This year's list also includes Harrison Ford, Stella McCartney, and Luis von Ahn, along with NBA star Russell Westbrook and actor Ewan McGregor. Past honorees include Yvon Chouinard and Selena Gomez. Kpop4Planet is sitting in that company now.
How a K-Pop Fan Group Moved Corporate Boardrooms
Kpop4Planet was founded in 2021 by Kim, a first-generation K-pop fan, and Sarifah, an Indonesian youth climate activist. The premise was simple and, at the time, widely dismissed: K-pop fandoms are among the most organized and digitally mobilized communities on the planet. Point them at climate accountability, and see what happens.
Five years in, the results speak for themselves. The group now mobilizes more than 85,000 participants across 80 countries and has run 11 campaigns targeting industries from automotive to fashion to technology.
The headline win came in 2024, when Hyundai Motor ended its agreement to procure aluminum from Adaro Minerals, a subsidiary of Indonesia's second-largest coal miner. The deal, signed in 2022, would have required Adaro to build 2.2 gigawatts of coal-fired power capacity to run its smelter. Kpop4Planet organized a petition that gathered more than 11,000 signatures from fans in 68 countries, and the campaign's sustained pressure contributed directly to Hyundai walking away from the contract, per National Geographic's reporting on the group's verified impact outcomes. Climate analysts estimated the abandoned project would have emitted 5.2 million metric tons of CO2 equivalent per year. The campaign drew coverage from Reuters, AP, and AFP as a genuine corporate accountability story, not a fan culture curiosity. Hyundai and Adaro declined to renew their agreement by end of 2023. For a group that parts of the automotive industry had likely written off as a novelty petition operation, that outcome is the clearest possible proof their model works at scale.

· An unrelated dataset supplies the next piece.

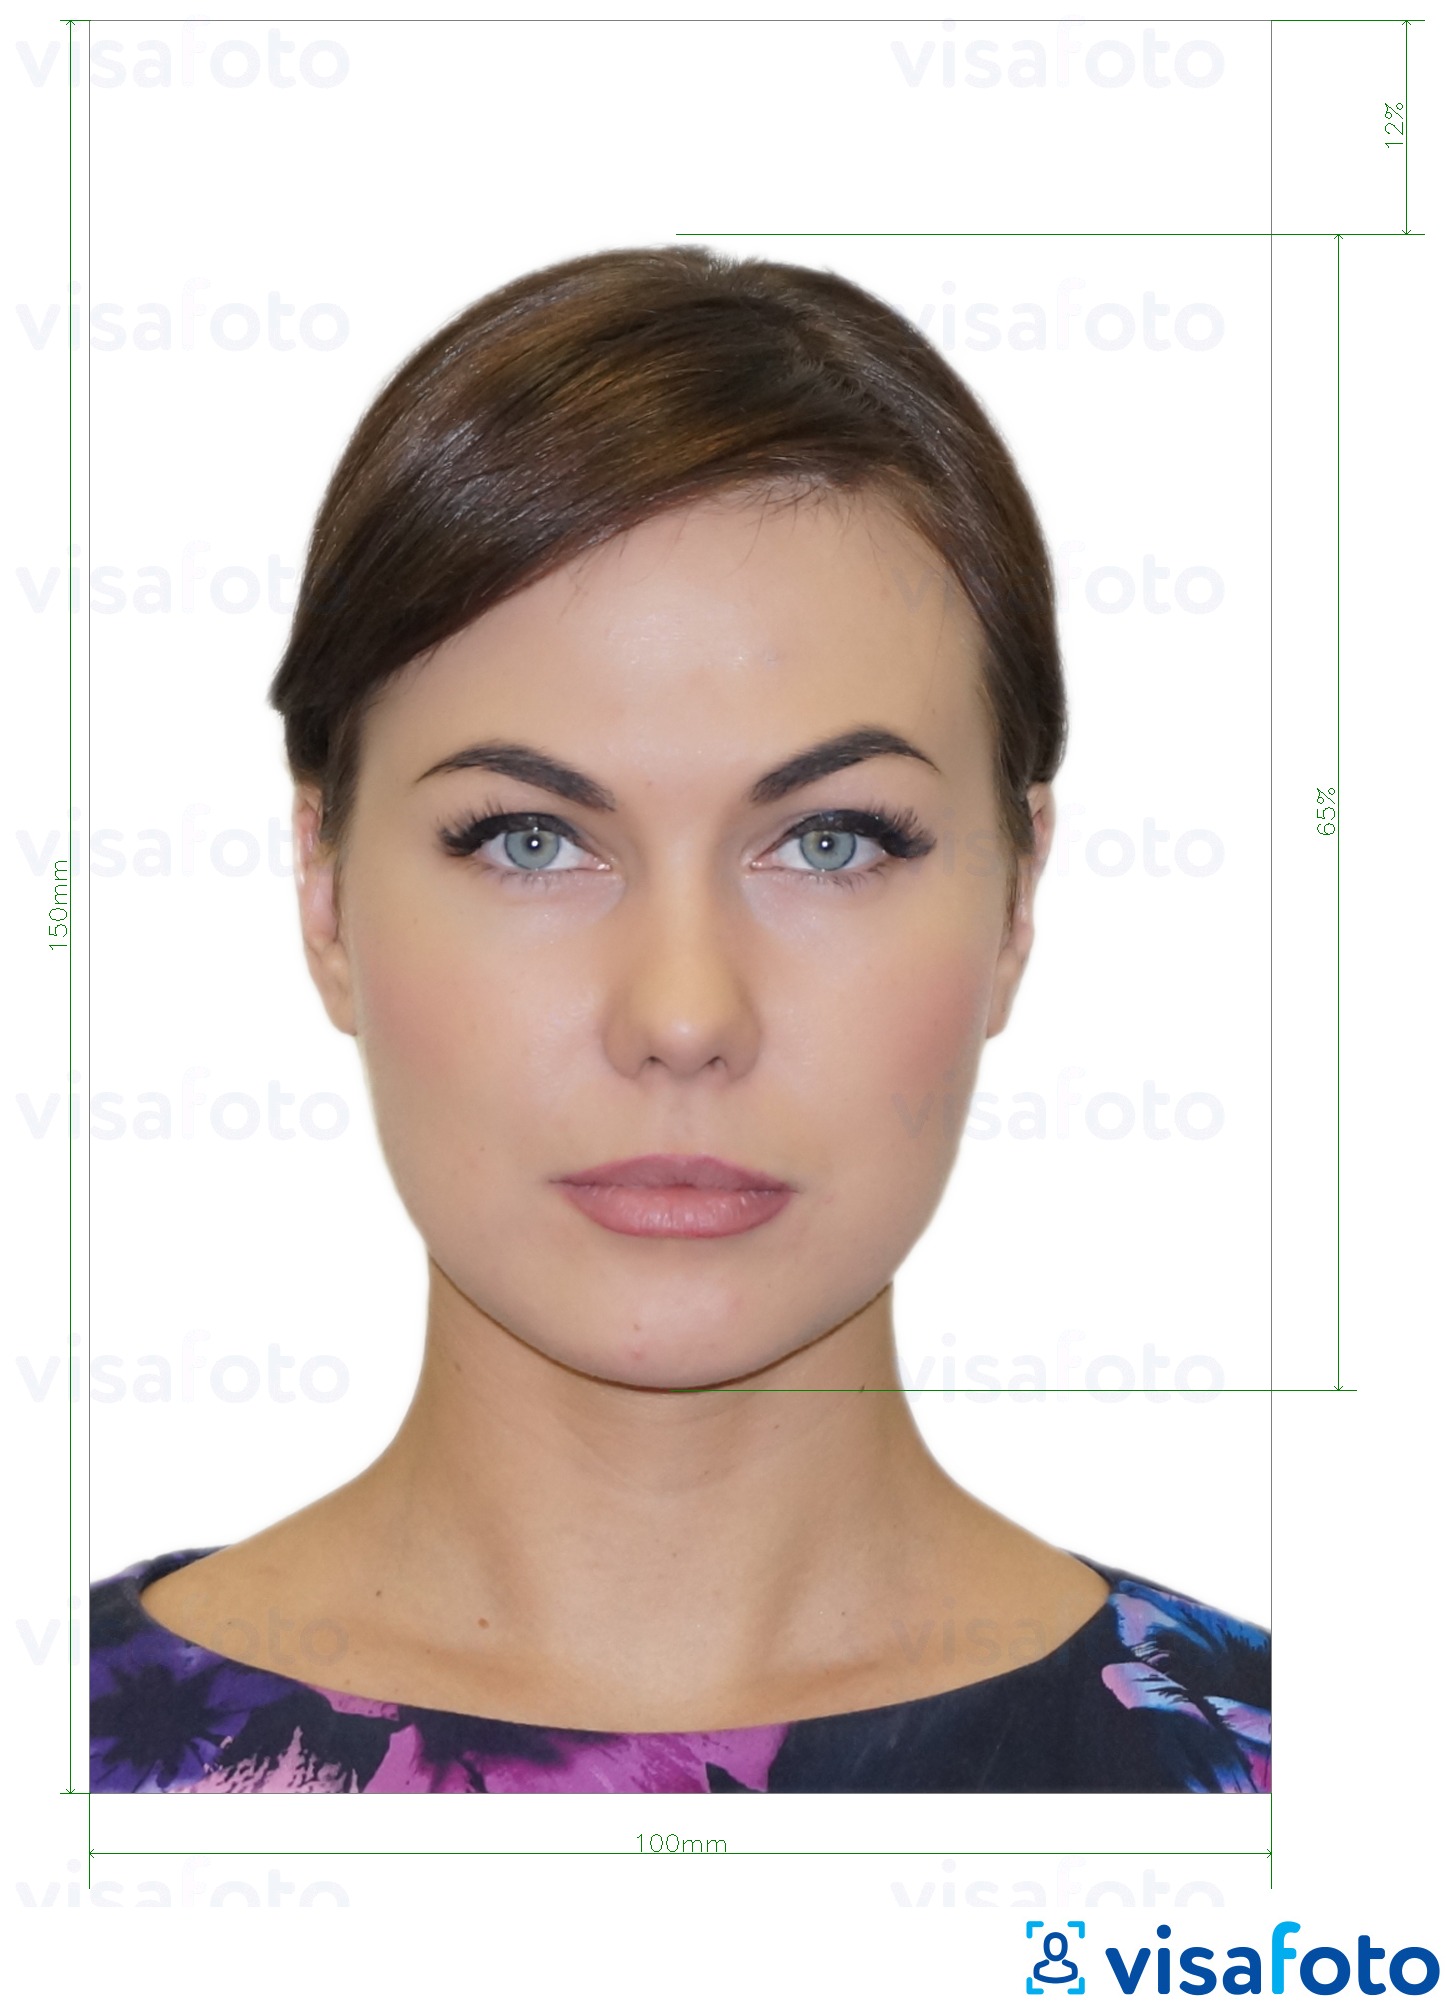 Príklad fotografie pre Občiansky preukaz Moldavska (Buletin de identitate) 10x15 cm s presnou špecifikáciou veľkosti

That's not symbolic activism. That's a measurable outcome from a group that the automotive industry almost certainly underestimated.
The K-Pop Industry Itself Is a Target
Kpop4Planet does not give labels a pass just because fans love their artists. The group has pushed entertainment companies on album waste, photocard overproduction, and energy sourcing. YG Entertainment, the label behind BLACKPINK, pledged to achieve carbon neutrality by 2040 following pressure campaigns. That commitment now appears in public reporting and is subject to scrutiny in a way it was not before K-pop fan groups started keeping score.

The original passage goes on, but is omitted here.